1.2 This part of ISO 14469 applies to devices which have a service pressure of 250 bar, hereinafter referred
to as B250 [see 9 a) 3)].
This part of ISO 14469 refers only to a service pressure of 250 bar.
1.3 This part of ISO 14469 applies to devices with standardized mating components (see 5.8 and 7.7).
1.4 This part of ISO 14469 applies to connectors which:
1) prevent natural gas vehicles from being fuelled by dispenser stations with service pressures higher
than that of the vehicle;
2) allow natural gas vehicles to be fuelled by dispenser stations with service pressures equal to or lower
than the vehicle fuel system service pressure.

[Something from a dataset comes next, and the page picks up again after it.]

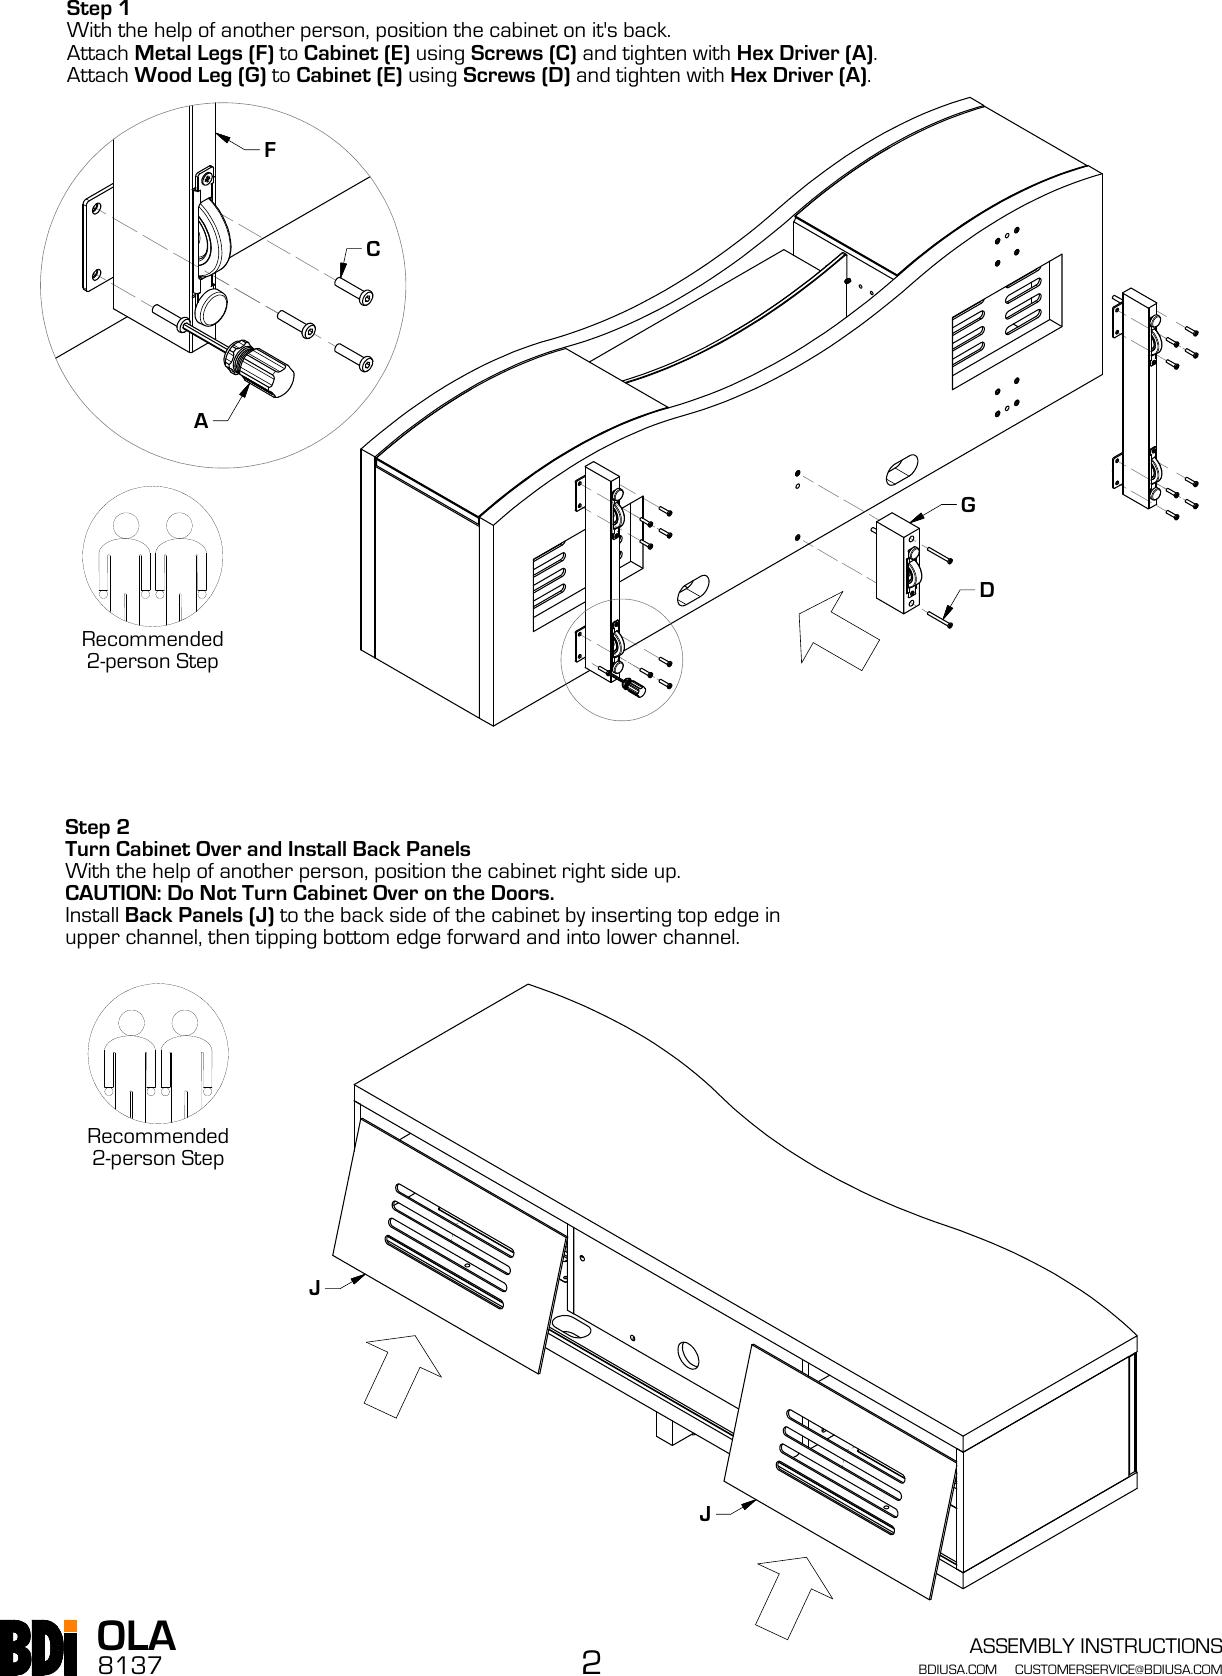 Ola_8137 dwg Ola 8137 Bdi Assembly Instructions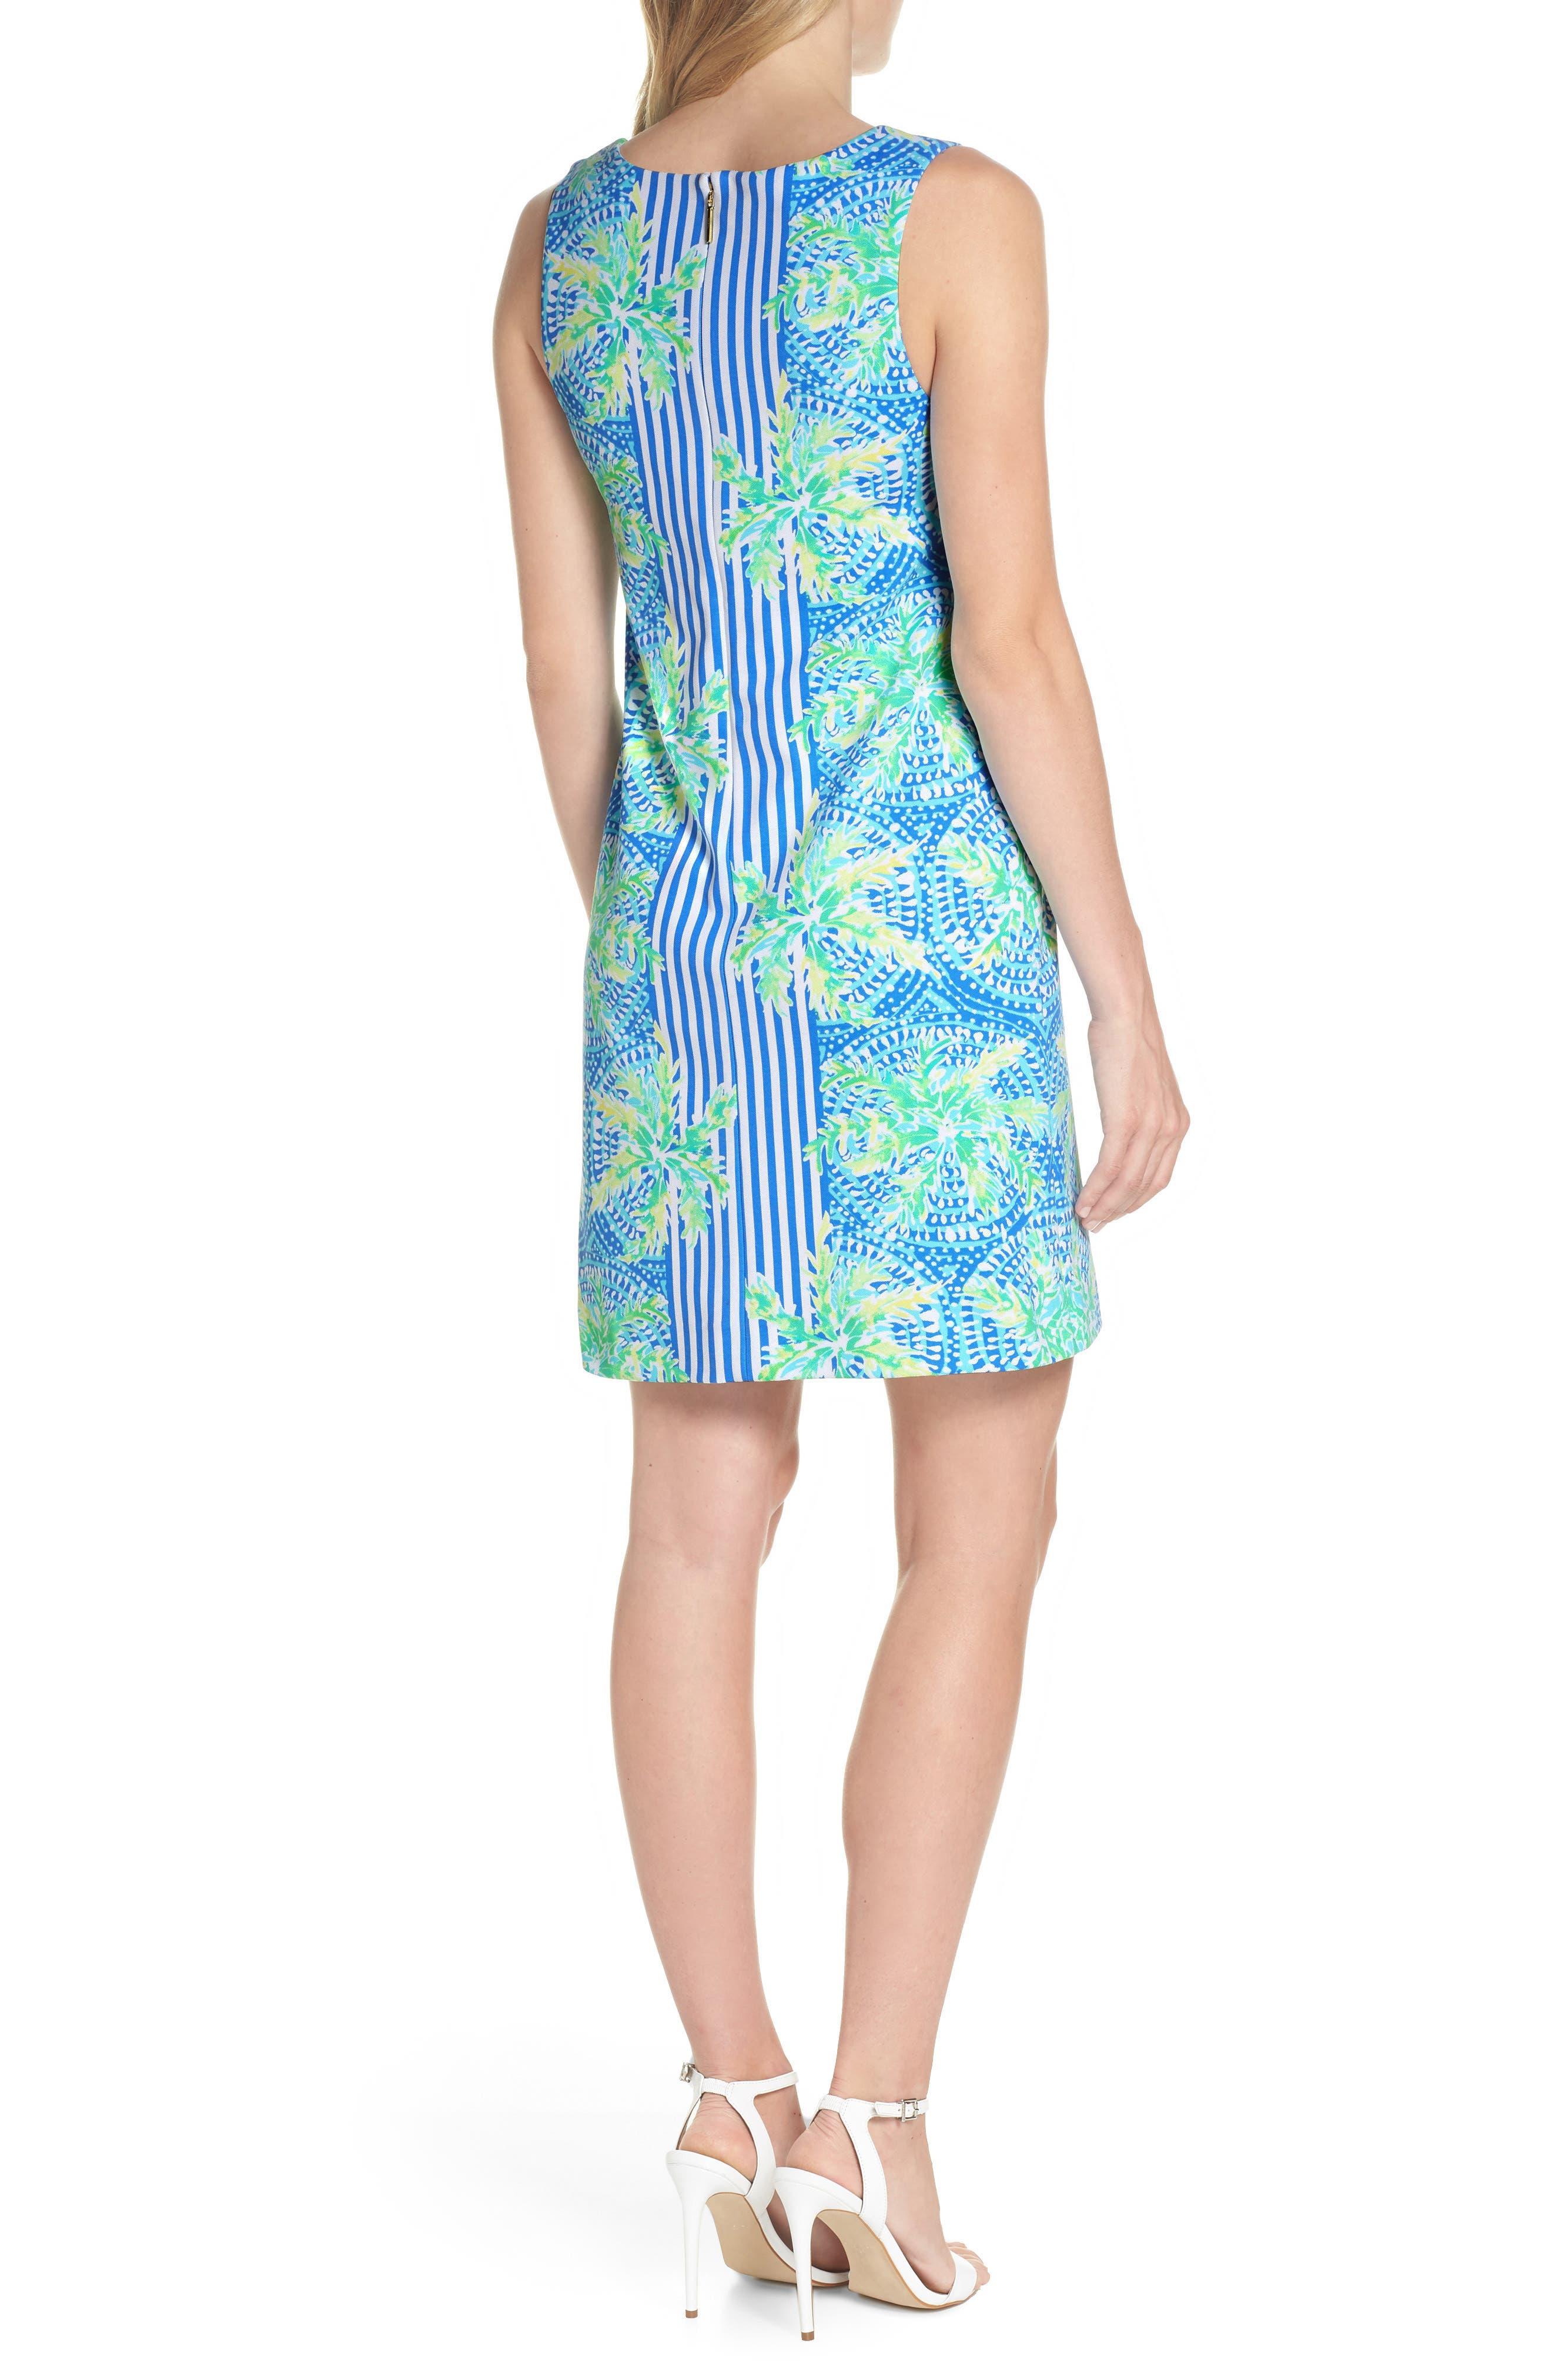 Chiara Stripe & Floral Print Dress,                             Alternate thumbnail 2, color,                             BENNET BLUE TROPIC LIKE ITS

1.5 This part of ISO 14469 is applicable to compressed natural gas in accordance with ISO 15403.
1.6 All references to pressures (bar) throughout this part of ISO 14469 are to be considered gauge
pressures unless otherwise specified.
2 Normative references
The following referenced documents are indispensable for the application of this document. For dated
references, only the edition cited applies. For undated references, the latest edition of the referenced
document (including any amendments) applies.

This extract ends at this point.